Healthdirect
- Type: Government-owned company
- Industry: Health care
- Founded: 2006; 20 years ago
- Headquarters: Haymarket, New South Wales
- Area served: Australia
- Owner: Commonwealth and state and territory governments
- Website: www.healthdirect.gov.au

= Healthdirect Australia =

Government-owned and not-for-profit health advice organisation in Australia

Healthdirect Australia, otherwise known as just Healthdirect and formerly the National Health Call Centre Network, is the national health advice service in Australia. Funded by the Australian Government and all state and territory governments, Healthdirect provides a number of 24/7 health helplines to all Australians.

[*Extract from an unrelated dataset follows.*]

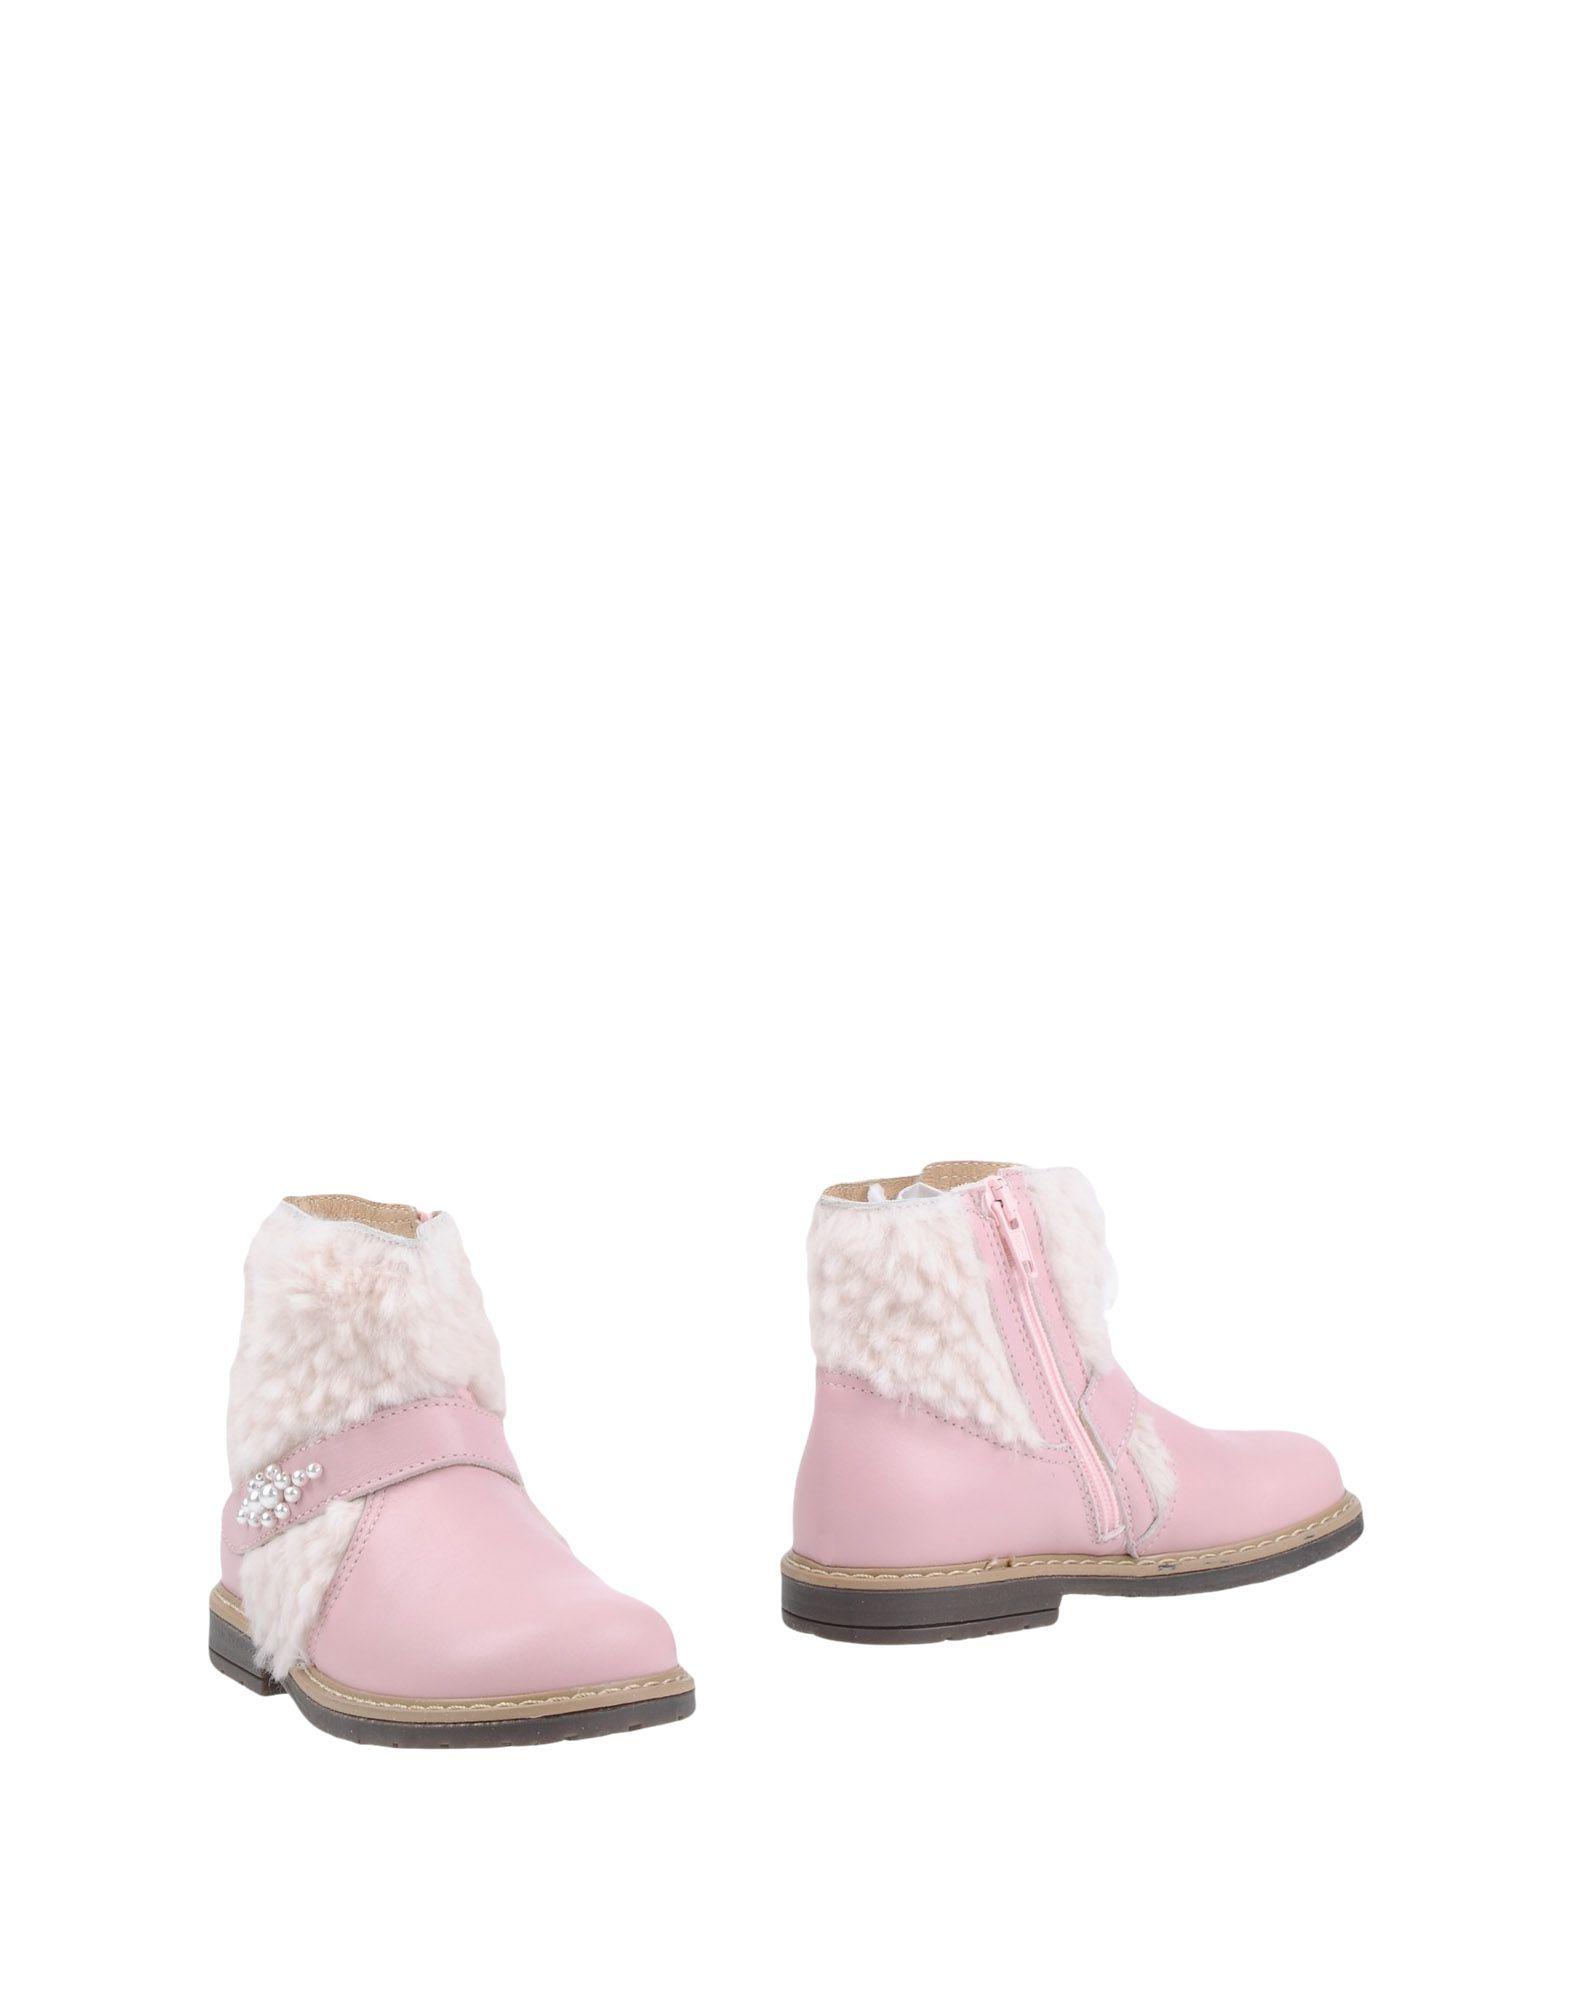 MISS BLUMARINE Полусапоги и высокие ботинки miss blumarine baby 397995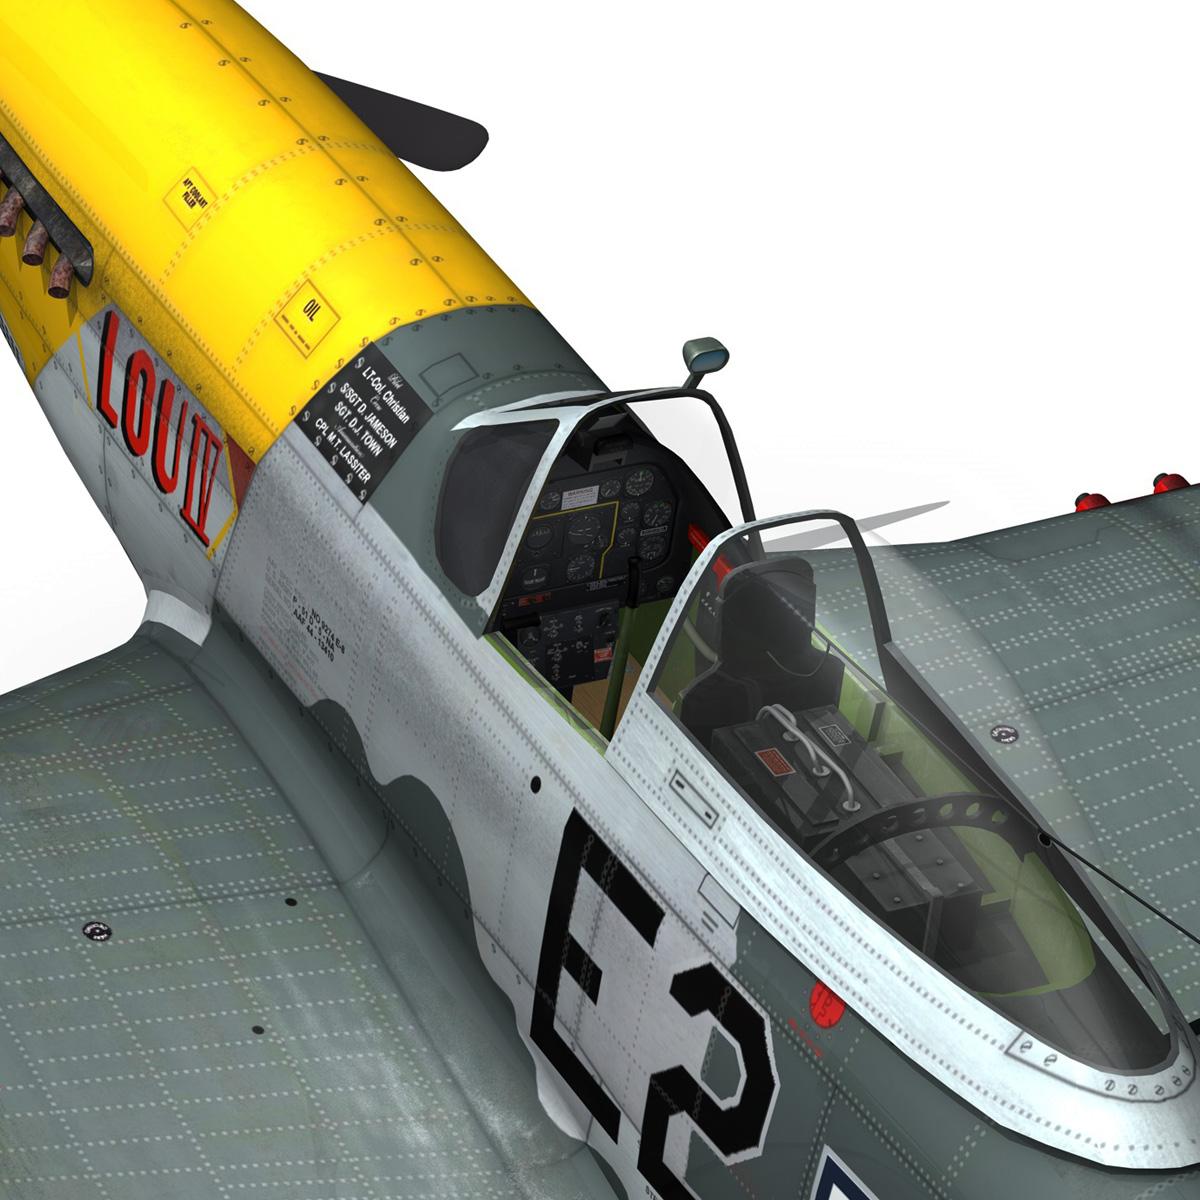 north american p-51d mustang – lou iv 3d model fbx c4d lwo obj 272613

The Healthdirect website provides general health advice, a symptom checker which compares symptoms against clinical presentations, and a health directory which lists many primary, secondary and tertiary care services.

==History==
In February 2006, the Council of Australian Governments (COAG) signed a Heads of Agreement to establish the National Health Call Centre Network (NHCCN). The NHCCN commenced delivering services in July 2007, with its core service operating under a single national name, Healthdirect Australia, and national phone number – 1800 022 222. In December 2012, the NHCCN changed its trading name to Healthdirect Australia, reflecting the organisation’s evolution from procuring and managing telephone triage services to offering multiple services with integrated telephone and online channels. This was followed in November 2015 by the change of the registered name to Healthdirect Australia Limited. After a review of after-hours primary health care in July 2015, Healthdirect Australia began to operate locally tailored after-hours services and new GP advice and support lines. From March 2020 until December 2023 Healthdirect was operating the National Coronavirus Helpline (NCH) providing telephone advice to the public. It handled more than four million calls. From January 2026, healthdirect has been providing 1800MEDICARE (1800 633 422) service. This service offers a free, 24/7 helpline where a consumer can speak to a registered nurse about any health concern. The nurse will provide advice on the next step and can offer an after hours telehealth consultation with a GP.

==Services==
Healthdirect Australia's services include a helpline available 24 hours a day, an after-hours general practitioner (GP) helpline, the healthdirect website (which provides free health information) and a Symptom Checker (a guided, online self-triage tool allowing visitors to initiate their health enquiry online). The Pregnancy, Birth and Baby service includes a telephone helpline and a website, providing support to families of children aged up to 5 years. Healthdirect services also include the National Health Services Directory (NHSD) and Video Call service.

==Decommissioned Services==
COVID-19 services and tools in response to the pandemic were launched in 2020 and decommissioned in 2024 having reached end of life and end of use.

In September 2019, Healthdirect and The George Institute for Global Health launched a free online Risk Checker, an online evaluation tool to help Australian consumers check their risk of developing heart disease, diabetes or kidney disease. The Risk Checker was taken offline in late 2024 due to a lack of maintained currency with health guidelines and low user rates.

==See also==
- Health care in Australia
- Telehealth
- Medicare (Australia)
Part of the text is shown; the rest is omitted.